EXERCISE DIRECTIONS
Find the line that contains "อ่านการ์ตูน Senmetsumadou no". Copy it and every line after it to the end of the material below, exactly, with no pictures.

THE DATA

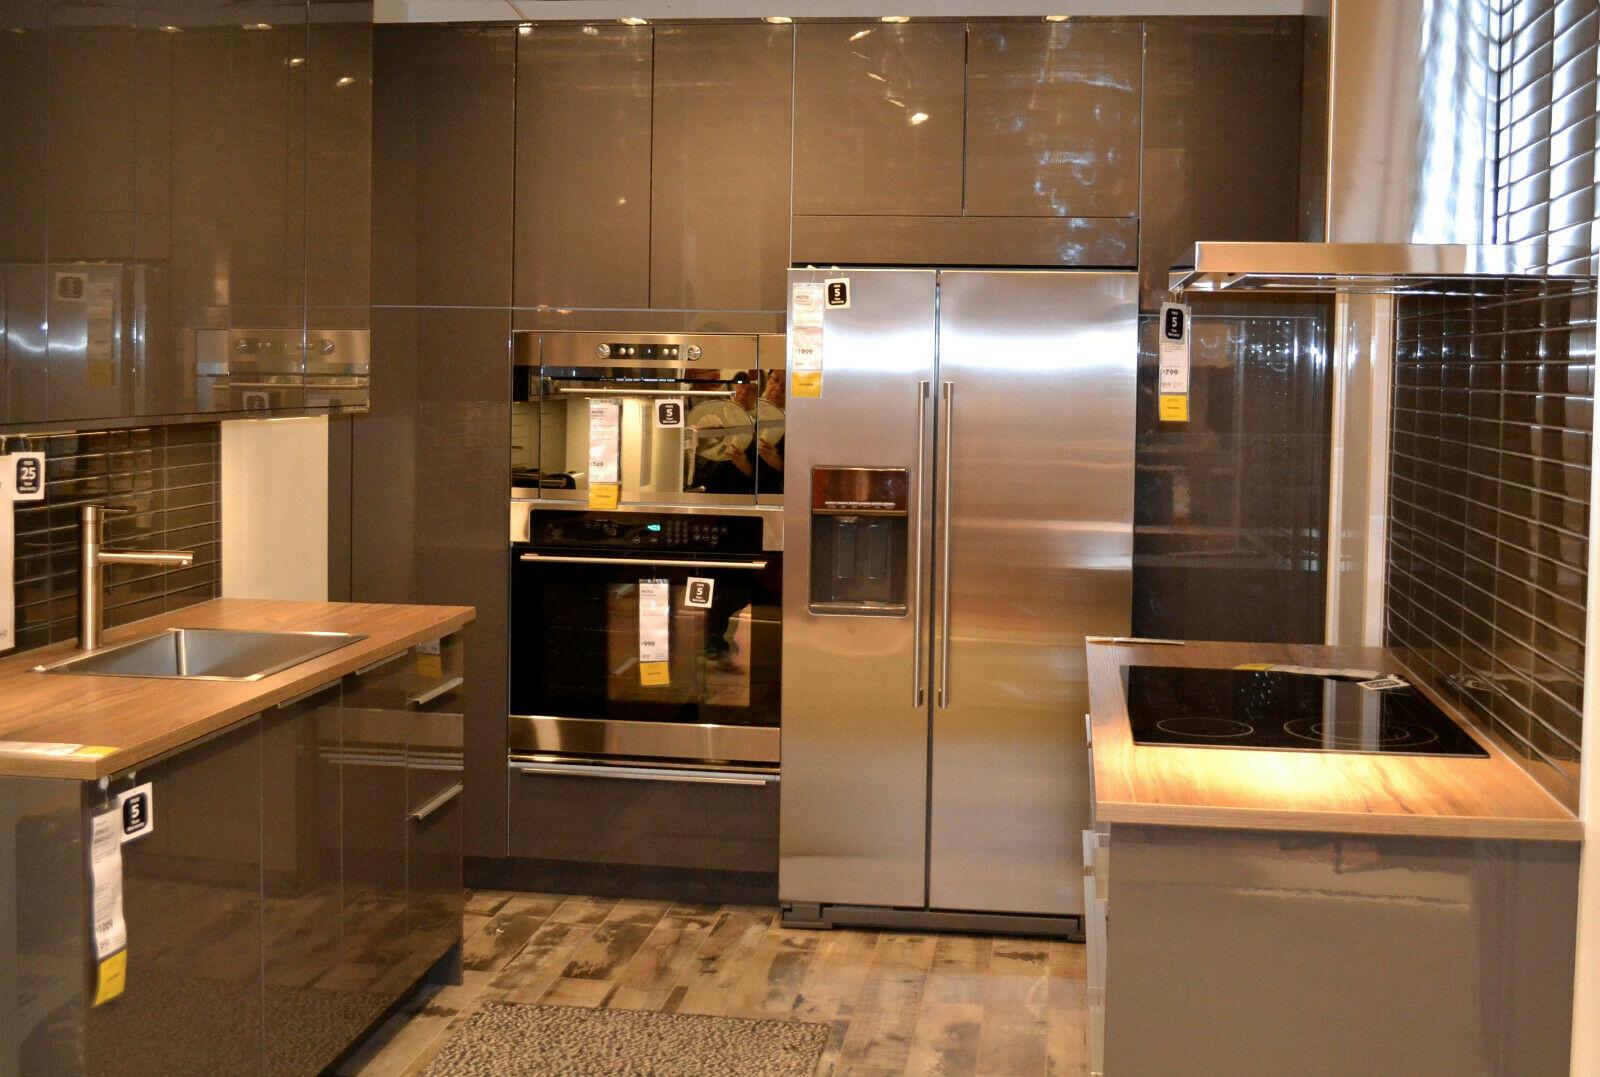 Full Size of Gloss Grey Ringhult Ikea Kitchen Cabinet Door For Sale Online Ebay Küche Kaufen Modulküche Betten 160x200 Kosten Sofa Mit Schlaffunktion Miniküche Bei Wohnzimmer Ringhult Ikea
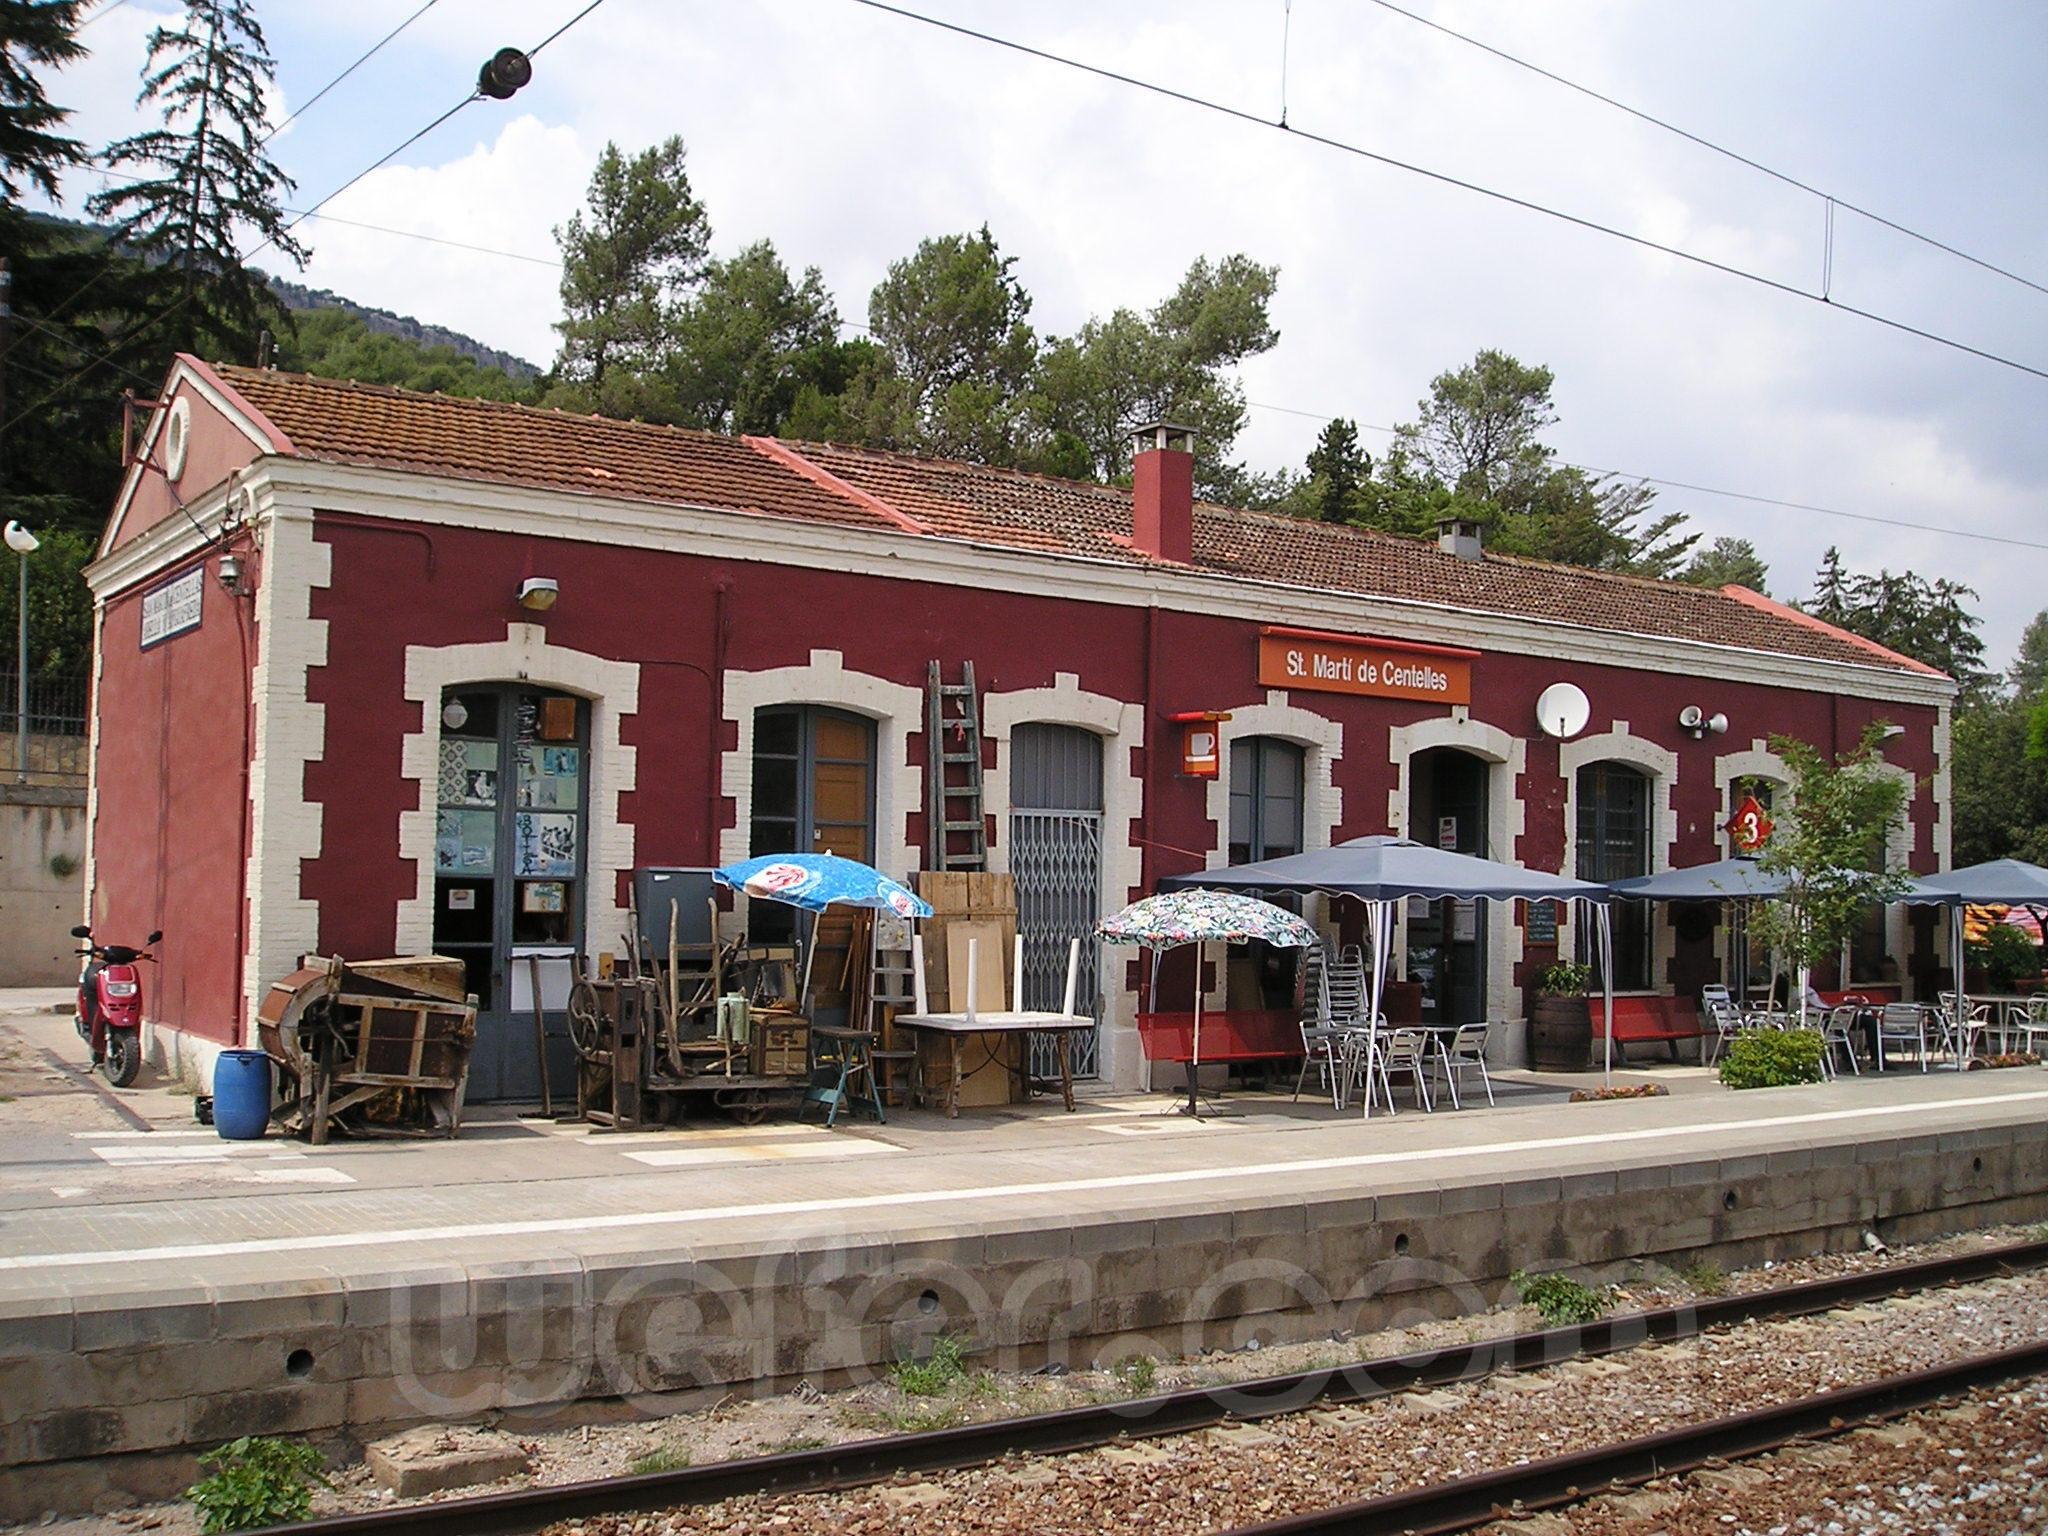 Renfe / ADIF: Sant Martí de Centelles
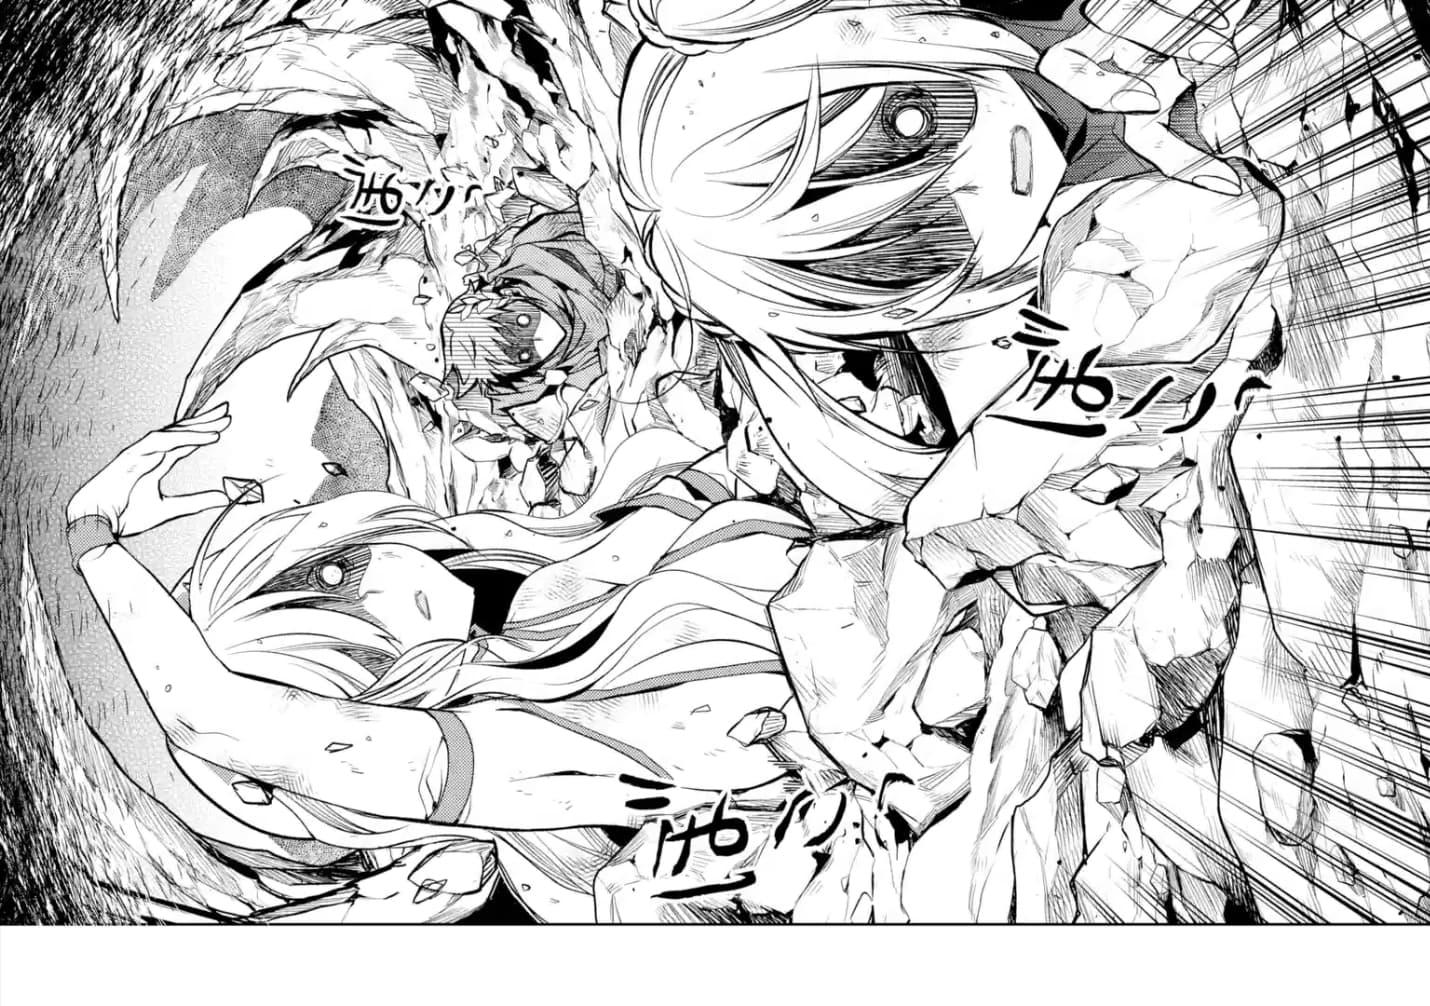 อ่านการ์ตูน Senmetsumadou no Saikyokenja ตอนที่ 4.2 หน้าที่ 17
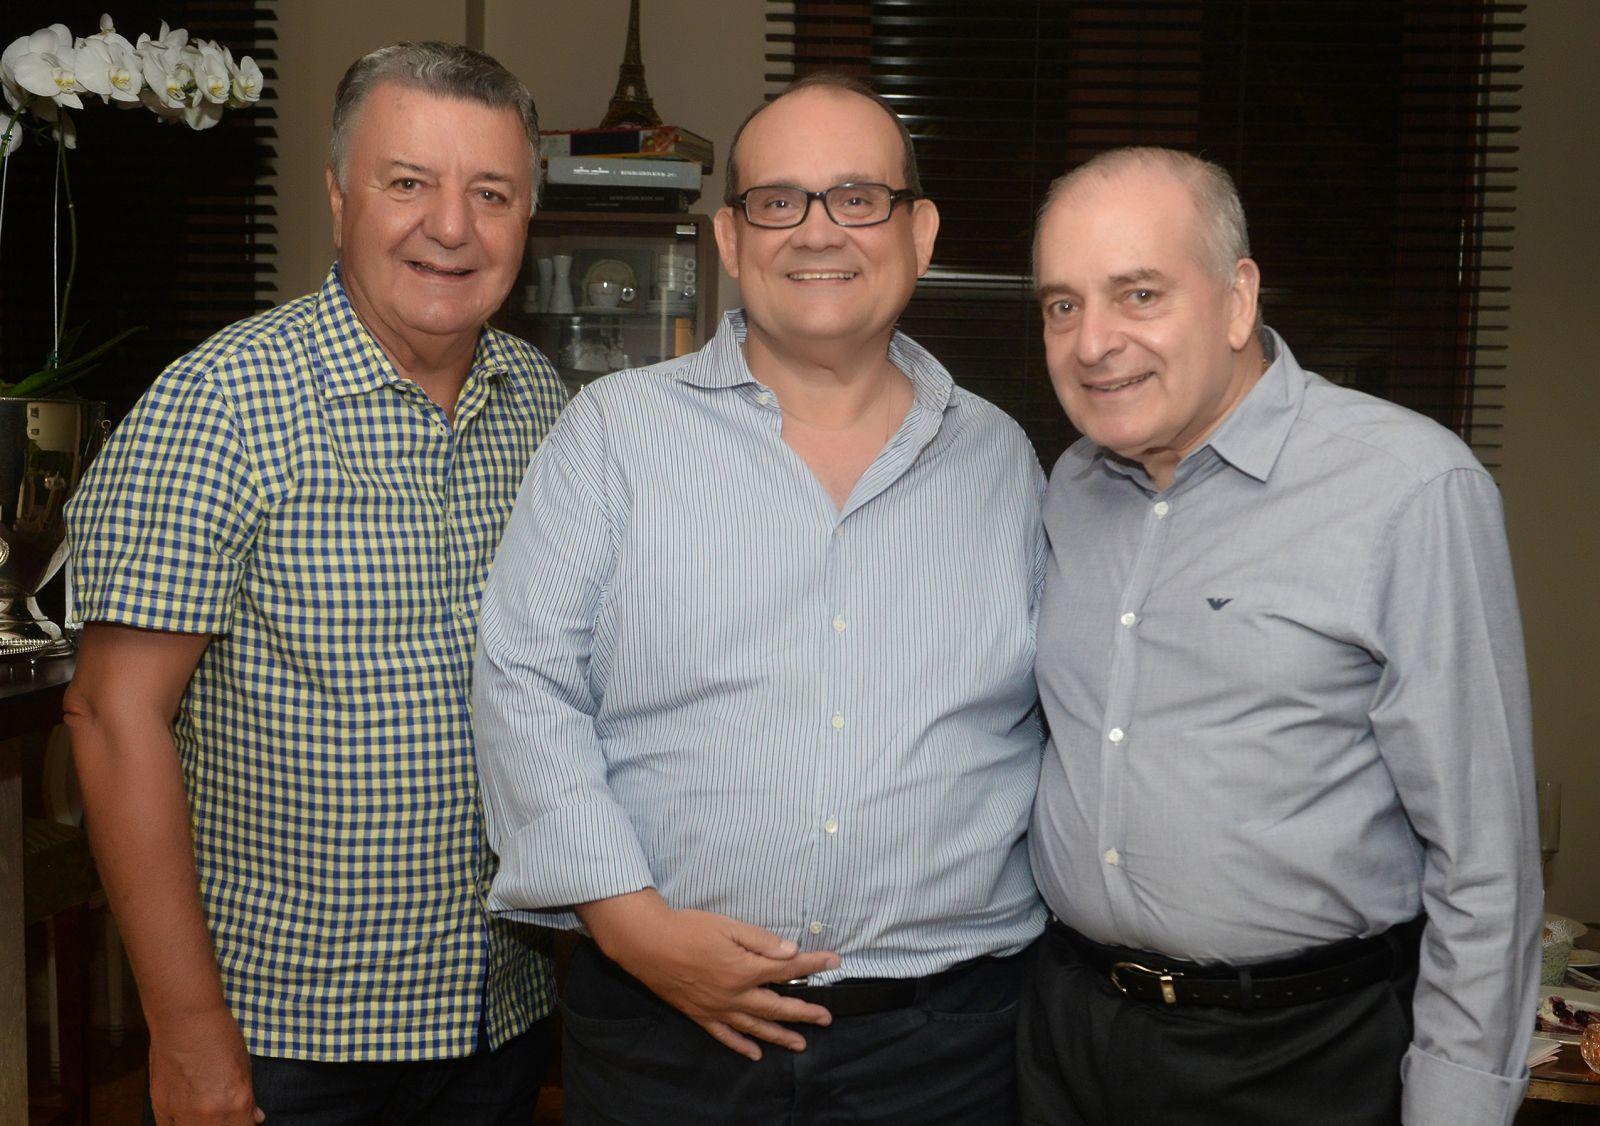 Arlete Magalhães passou da morte física para a vida espiritual, meus pêsames à família Magalhães

OUTPUT
 อ่านการ์ตูน Senmetsumadou no Saikyokenja ตอนที่ 4.2 หน้าที่ 17
 Arlete Magalhães passou da morte física para a vida espiritual, meus pêsames à família Magalhães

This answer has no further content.